Just as we expect the case to be made to Parliament on the transfer of
powers to the Assembly, we will not support any extension of detention
without trial, unless the Government can make a convincing case for
change.
Parts
of the legislative programme represent lost opportunities for Wales.
They will place impositions on local government and its ability to take
decisions locally and close to the people. For example, the energy Bill
will not even secure the future of our energy supplies and certainly
will not provide us with the long-awaited answer to the replacement of
Wylfa in the north.
The Regulatory Enforcement and
Sanctions Bill will create the local better regulation office, but that
body will also be able to direct local authorities on how to
go
about their business. Indeed, who will be able to give directions to the
local better regulation office? The answer is Welsh Ministers in the
Assembly.
The Dormant
Bank and Building Society Accounts Bill, which is designed to put money
in dormant accounts to good causes, has to be looked at closely, too.
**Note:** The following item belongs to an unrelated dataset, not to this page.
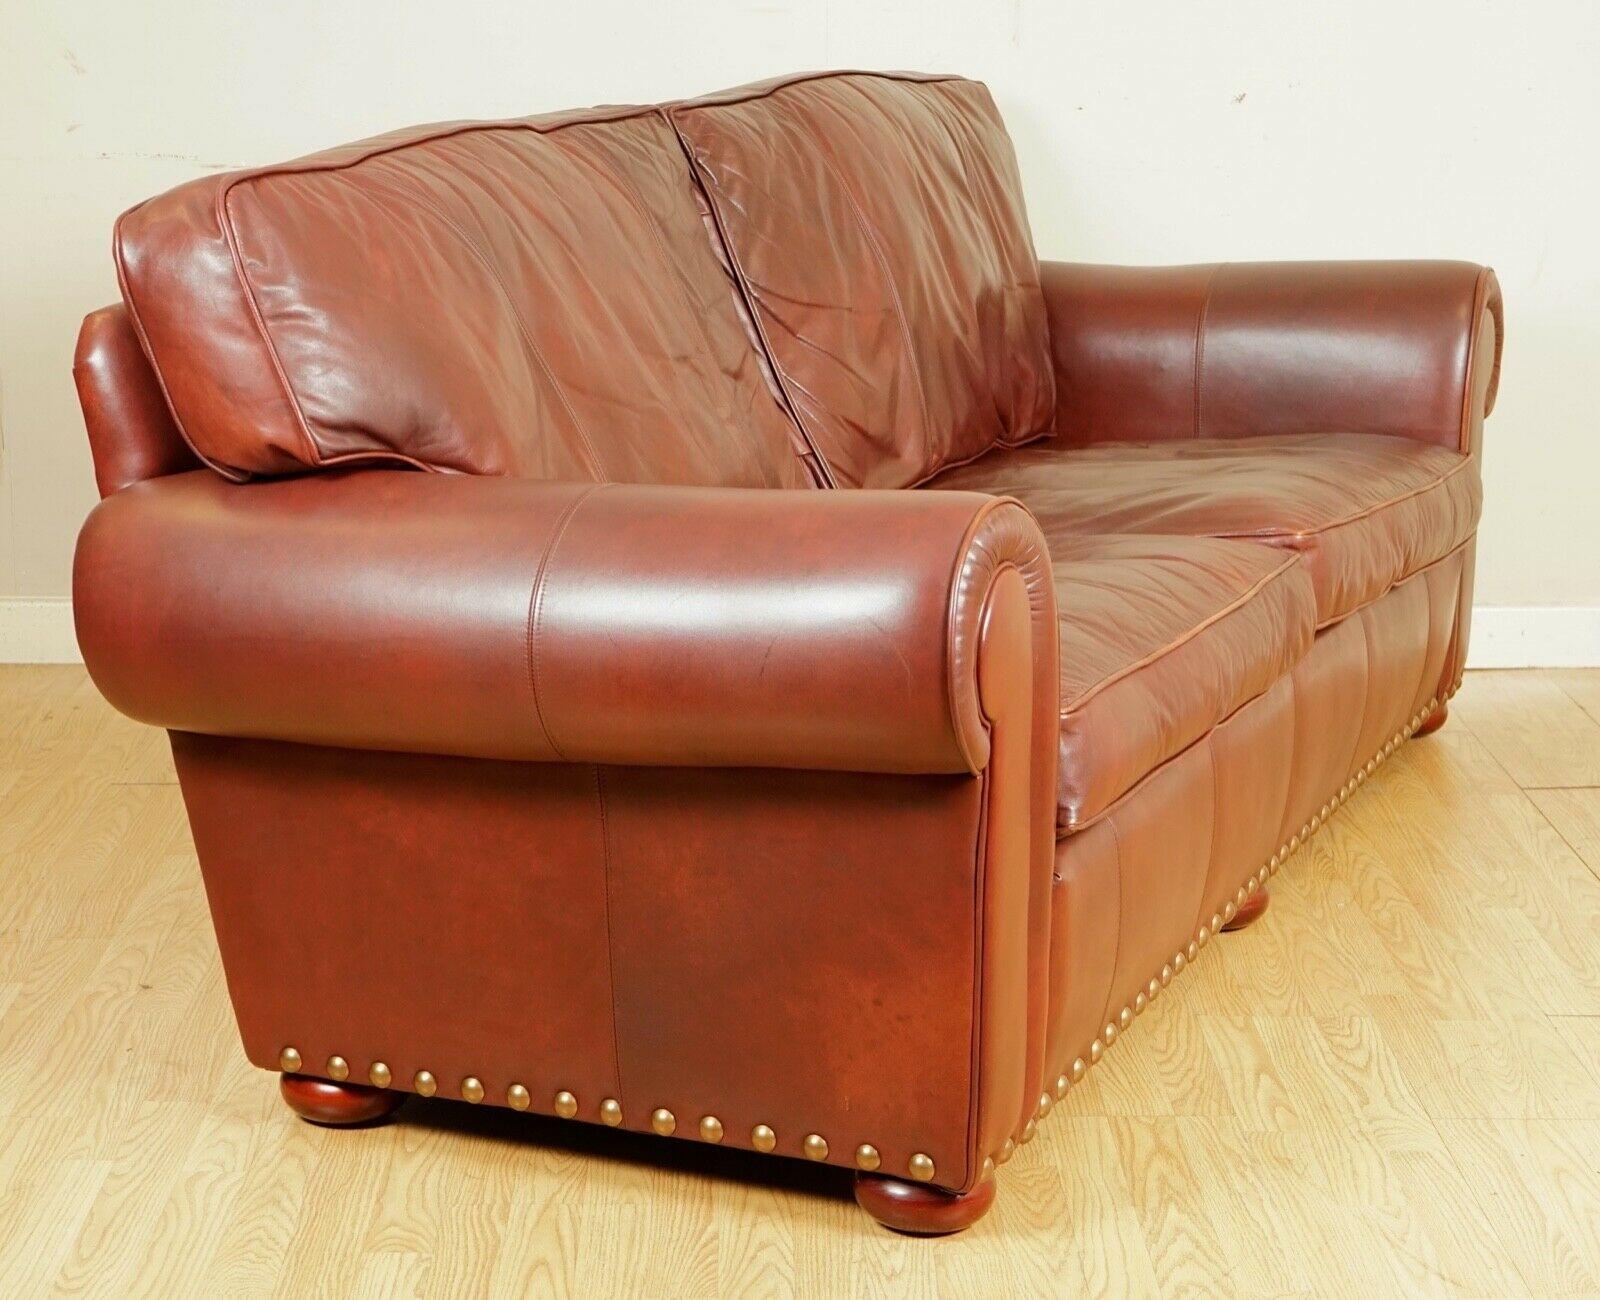 Leather Stunning Wade Upholstery Reddish Brown Berrington Grand Sofa, 2 Seat Available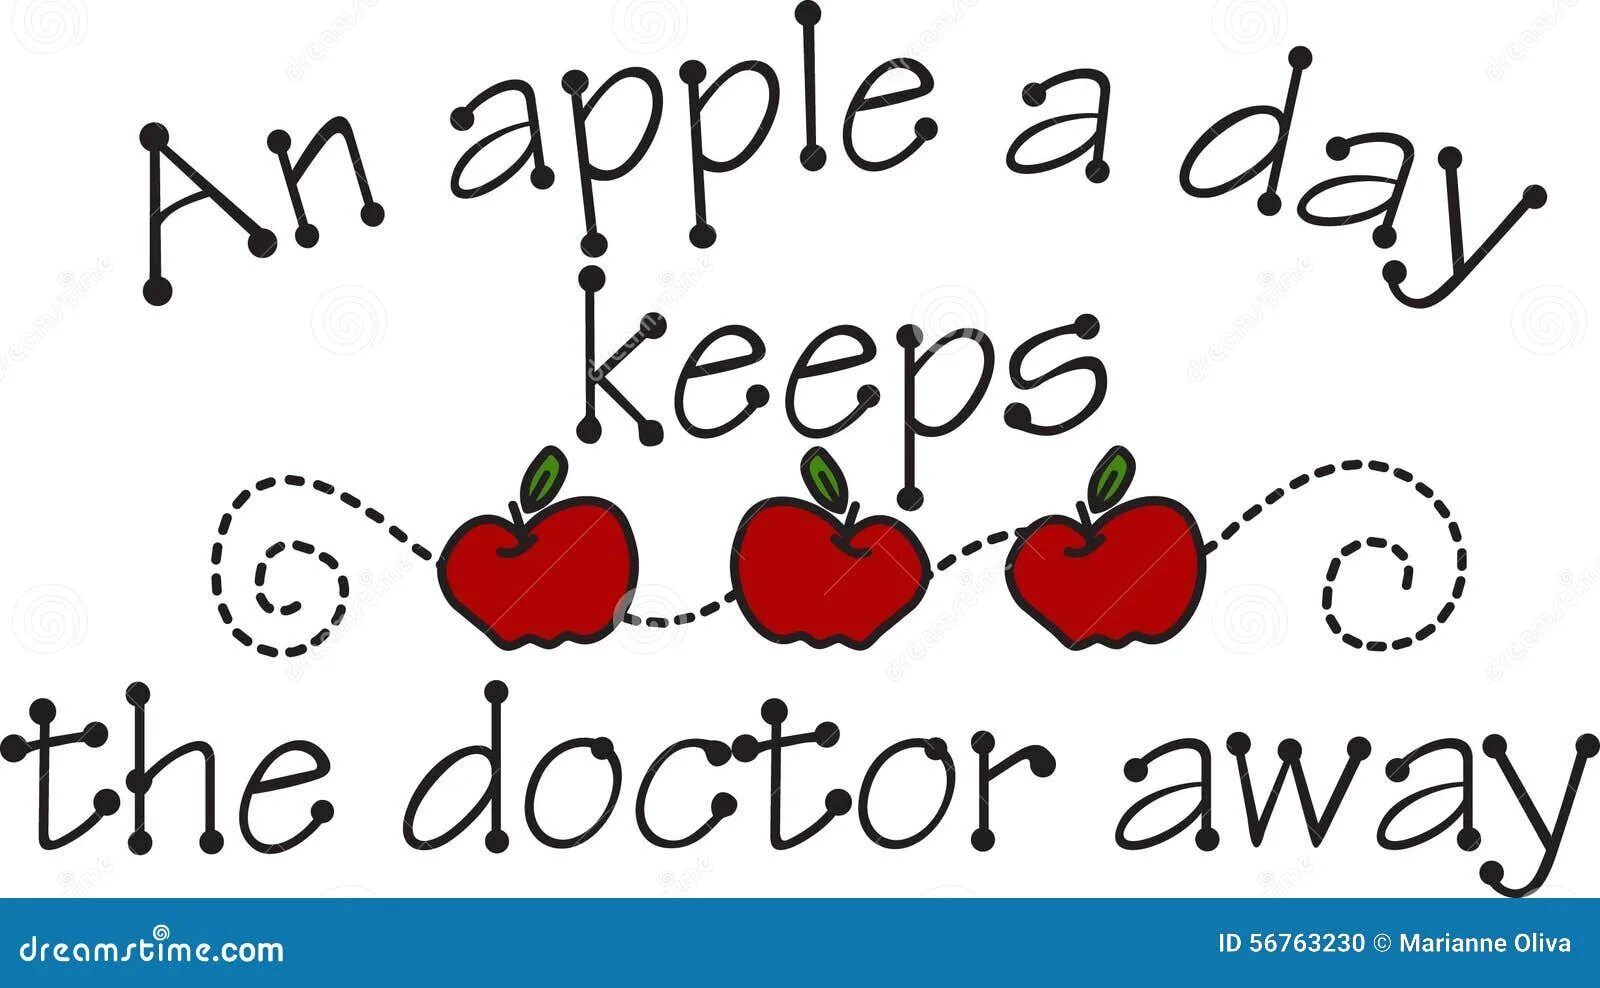 An a day keeps the doctor away. An Apple a Day keeps the Doctor away. An Apple a Day keeps the Doctor away картинки. Two Apples a Day keeps the Doctor away. An Apple a Day keeps the Doctor away идиома.

Who will decide which good causes that money goes to? It will not be an
independent Big Lottery Fund, as we would imagine. In fact, this
measure will also give more powers to the Welsh Ministers who will
restrict the classes of organisation that can benefit from the
legislation.
Time
after time, the legislation transfers powers not closer to the people
and not closer to local authorities or independent bodies, but to
Ministers, who are gathering powers that were not envisaged in the
original settlement. None of the measures appears to give people more
control over their livesthey give Ministers more control over
peoples lives. There are no measures to strengthen society,
just measures to strengthen the
Government.
I am sure
that the Secretary of State will welcome the legislation on party
funding. I am sure that he, like me, wants to restore public trust,
which has been shattered by his party and its attitude towards the
reporting and recording of donations. While administrative errors are
always forgivable, using intermediaries systematically to evade
disclosure is utterly unacceptable, as I am sure that he will agree.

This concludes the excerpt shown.